March 19, 2019, | AtoZ Markets – After launching its information gathering campaign on March 12th, the United States Securities and Exchange Commission (SEC) is soliciting industry input, as it is reconsidering the existing custody labels with regard to particular cases of digital assets trading and settlement.
In the time being, it is the Custody Rule (Rule 206(4)-2) of the Investment Advisers Act of 1940 that determines the rules that aim to protect investors who delegate custody of their funds or securities to professional investment advisors.
As the letter the SEC sent to Karen Barr -president and CEO of the Investment Adviser Association- explains, such kind of custodial authority carries an ”increased risk of misappropriation or misuse of investors assets,” which means investment advisors are therefore legally bound to register with the SEC, and to comply with a series of rules for sound custodial practices.
The SEC says its appeal for input is pertinent to the application of the Custody Rule to digital assets, in particular as to whether any revisions to the rule are necessary “regarding the regulatory status of investment adviser and custodial trading practices that are not processed or settled on a delivery versus payment (“Non-DVP”) basis.”
The DVP settlement procedure and the risk involved
Practically speaking, a DVP settlement procedure is when a buyer’s payment for a given security is due at the same time as that security’s delivery.
In her coverage of the SEC initiative, Katherine Wu, the business development director of the research firm Messari, said that an example of DVP at work is the US DTC (Depository Trust Corporation) system.

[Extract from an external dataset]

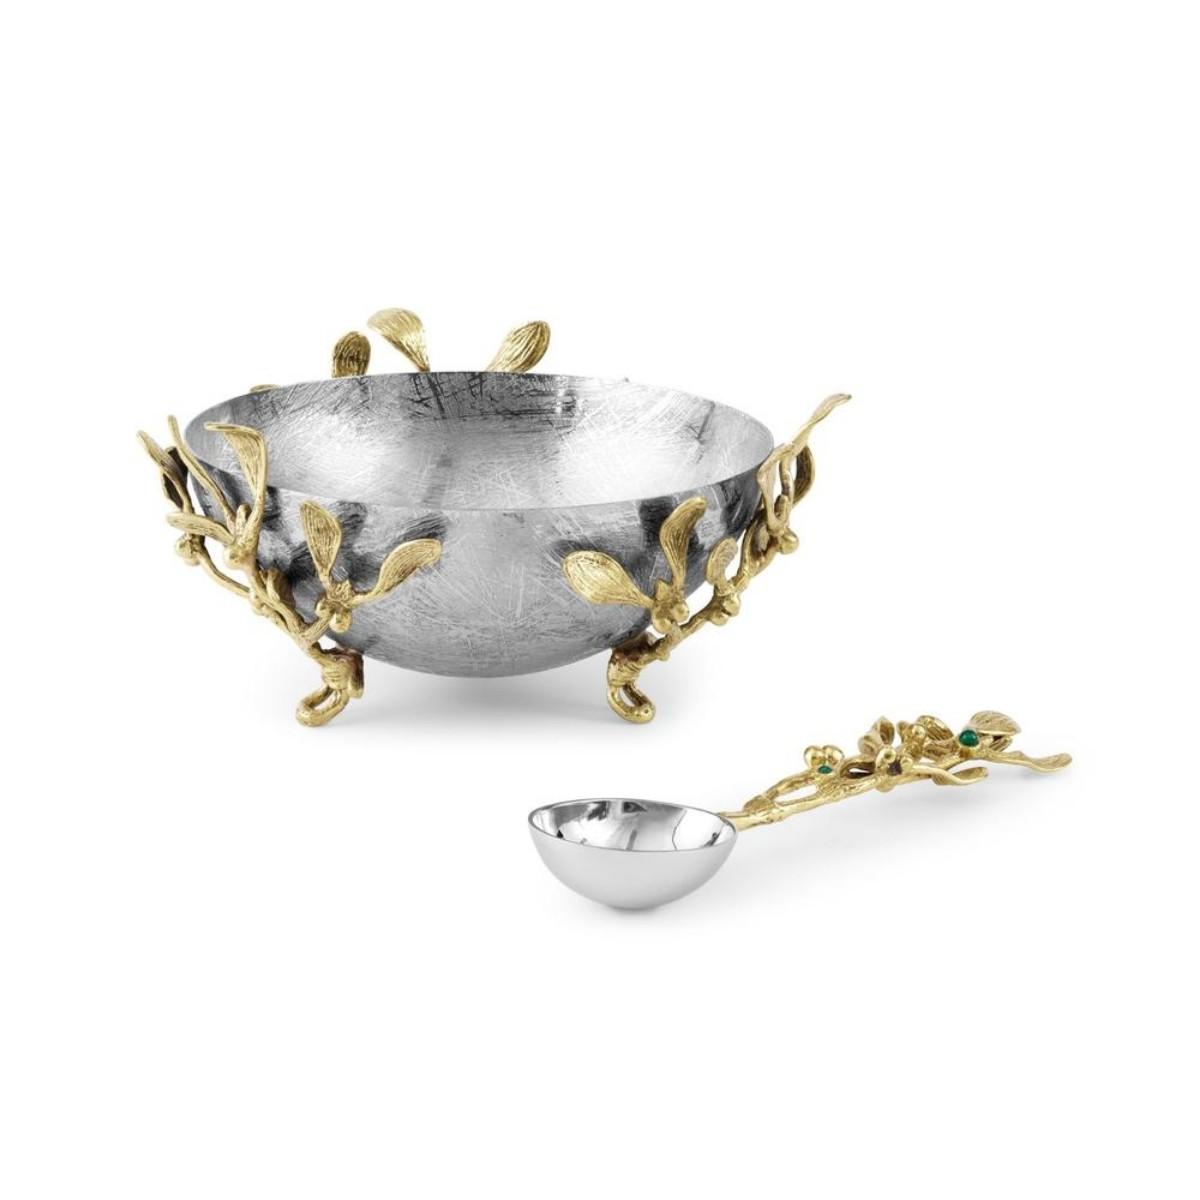 Michael Aram I Mistletoe Small Dish w/ Spoon

Here, the DTC clearing house acts as an SEC-registered custodian and intermediary that ensures both; the secure payment and transfer of securities between parties.
The settlement risk is regarded to be even higher, if the payment is made after delivering the security. This is called a non-DVP settlement procedure, which has not only the aforementioned example.

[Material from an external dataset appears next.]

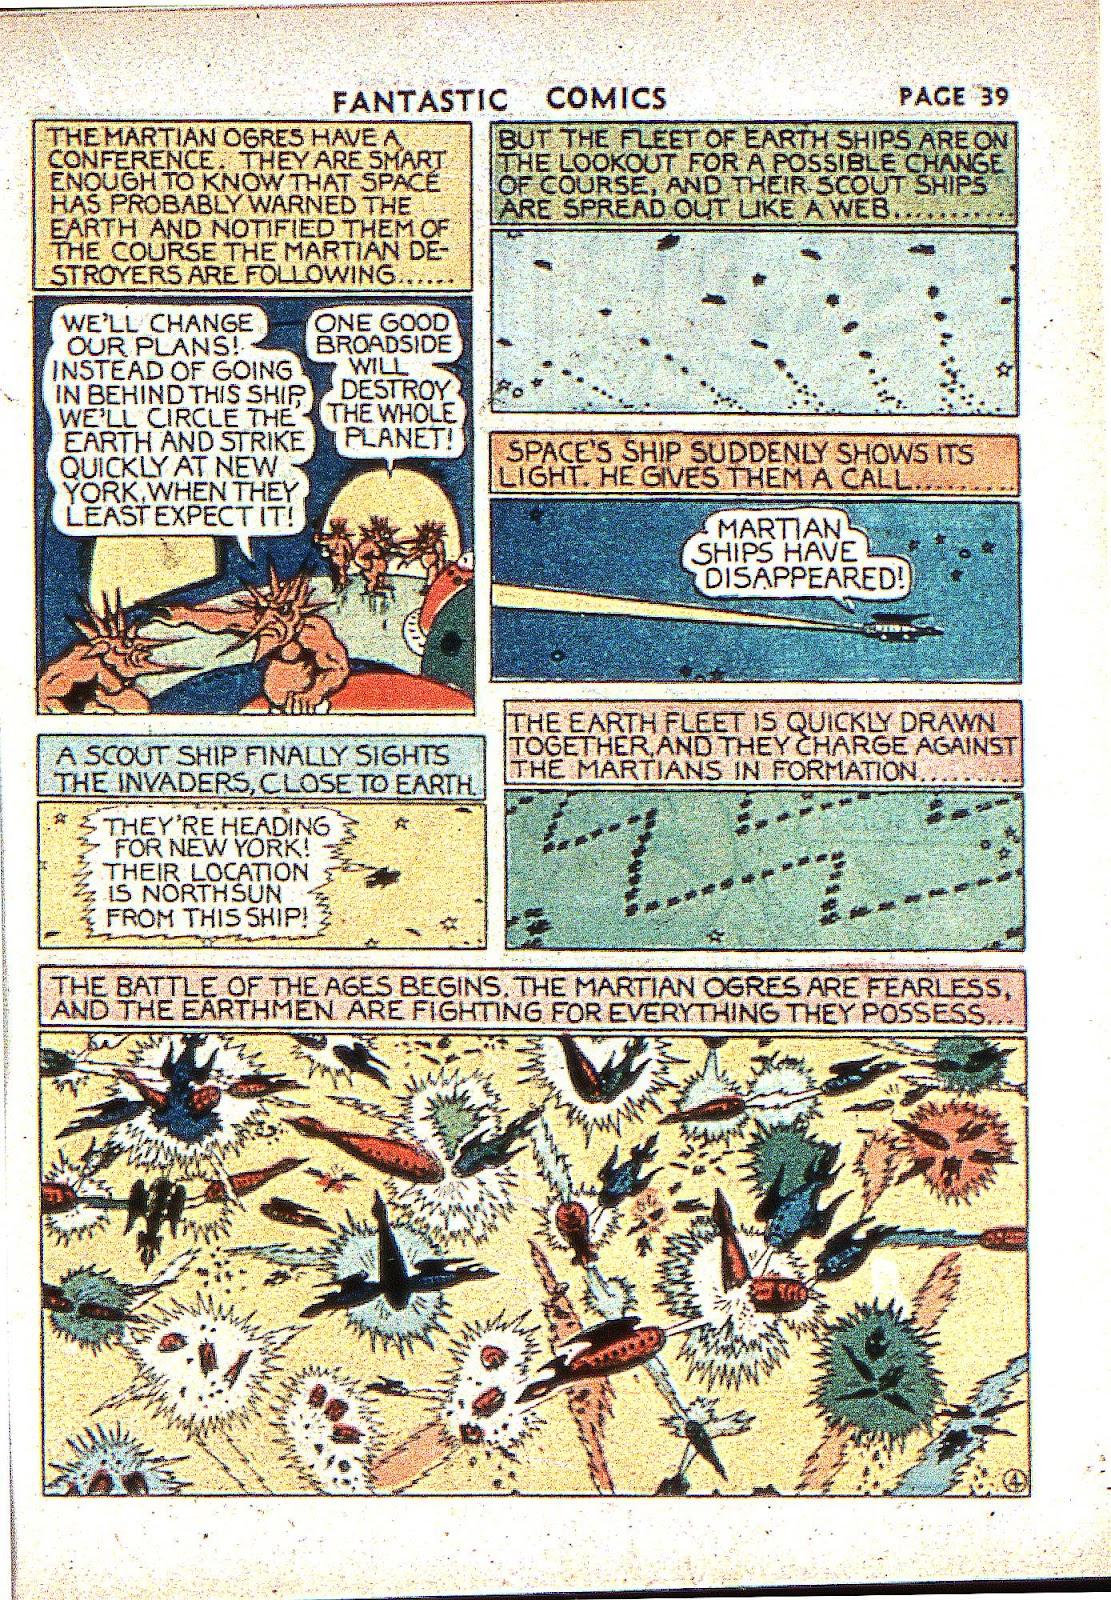 Read online Fantastic Comics comic -  Issue #2 - 40

For the above mentioned, the SEC is now soliciting input on non-DVP settlement in the digital asset space, as for both the settlement process of peer-to-peer digital asset transactions, and the intermediated settlement that involves exchanges or over-the-counter trading platforms.
In its letter as well, the American financial watchdog sought information for points like what types of digital asset instruments trade on a non-DVP basis, how can custodians act in non-DVP digital asset trading, and the way they currently mitigate risks in.
Wu, who worked as a legal intern at the SEC prior to her crypto industry involvement, has given her perspective on the agency’s first move:
“What’s interesting to me is that the SEC does not seem to be jumping the gun in subjecting all non-DVP trades as under the custody rule, but rather is posing this as an opportunity for them to assess the underlying custody risks.”
Exchange-traded funds are on the SEC table, as its chairman Clayton recently emphasized that custodial practices are a specific area of scrutiny, as the agency is reconsidering the regulation of new and prospective crypto investment instruments.